Читаем Нация прозака полностью

Мысли у меня были простые: на солнце лучше. Все кажется лучше, когда просыпаешься в залитой солнечным светом комнате. И от этого еще тяжелее вспоминать черную пленку, которая окутывала в моей памяти холодные, мрачные Кембридж и Нью-Йорк. Я вспомнила, что Лев, мой астрологический знак, – повелитель солнца, и пыталась привнести побольше солнца в свою жизнь. Потому что к тому времени, когда я покинула Калифорнию, все потеряло смысл, как будто мозги у меня пережарились на солнце. И я думала: «Да кому нужен Реф?»

А потом я вернулась в Кембридж, и он оказался нужен мне снова, и я думала, что больше ни минуты, ни часа, ни еще одного дня не смогу терпеть эту боль. Я вспоминала, как на зимних каникулах не могла вынести расставание с Рефом на четыре недели. Теперь все было гораздо хуже, потому что время было бесконечно. Я остаюсь одна, без Рефа, потому что я навсегда его потеряла.

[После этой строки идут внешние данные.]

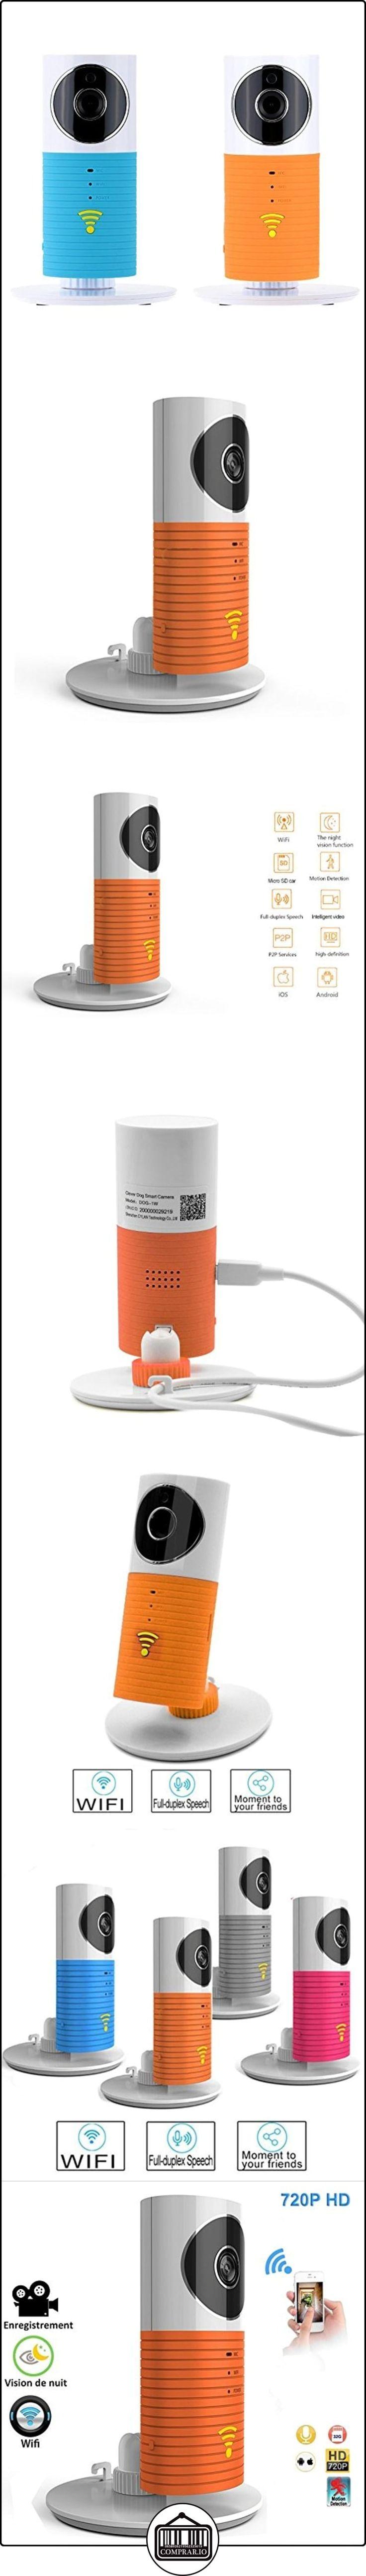 Electro-Weideworld P2P Wifi Cámara Vigilancia Baby Monitor Wifi Two-way Audio Vigilabebés Con Incorporados Altavoz y Micrófono ,Visión Nocturna Seguridad para Bebé  ✿ Vigilabebés - Seguridad ✿ ▬► Ver oferta: http://comprar.io/goto/B01HXMI9ZA

Еще тиоридазин, и все еще больно.

И снова слушать Боба Дилана, снова слушать как этот неровный, отчаянный голос поет самые душераздирающие строки, что я слышала. If You See Her, Say Hello, Mama, You Been on My Mind, I Threw It All Away, Ballad in Plain D[307]. Почему K-Tel[308] до сих пор не выпустили сборник с названием вроде «Депрессивные песни Дилана для разбитых сердец». И затем, снова и снова, я слушала все три доступные публике версии You’re a Big Girl Now[309] – оригинальную запись с Blood on the Tracks[310], альтернативный вариант Biograph[311] и, страшнее всего, живую версию Hard Rain[312] – словно от бесчисленных повторений песня потеряет свой смысл, а слова станут слишком привычными. Но печаль и ужас искусства – «Герники» Пикассо, выступления Билли Холидей с Good Morning Heartache[313] на фестивале джаза в 1957-м, «Тюльпанов» Сильвии Плат, «Дороги» Феллини – не теряют силы только потому, что все могут с ними соприкоснуться. Сила воздействия искусства лишь увеличивается с каждым новым зрителем, слушателем или читателем – так и я каждый раз нахожу новые элементы трагедии, новые причины для эмпатии. В каждой песне Боба Дилана, что мне когда-нибудь нравилась. Некоторых бесит его голос, они считают, что Дилан не умеет петь или поет слишком «в нос», и лучше бы те же песни послушать в исполнении the Byrds[314], или Рики Нельсона[315], или the O’Jays[316], но они не понимают, что для настоящих фанатов Дилана уже сам звук, что порождают его голосовые связки, обрывающийся, пронзительный, – сродни музыке искупления. Мне бы хотелось заполнить целую кассету разными записями его выступлений с You’re a Big Girl Now и слушать на повторе. В конце концов, эта взрослая девочка такая маленькая и хрупкая.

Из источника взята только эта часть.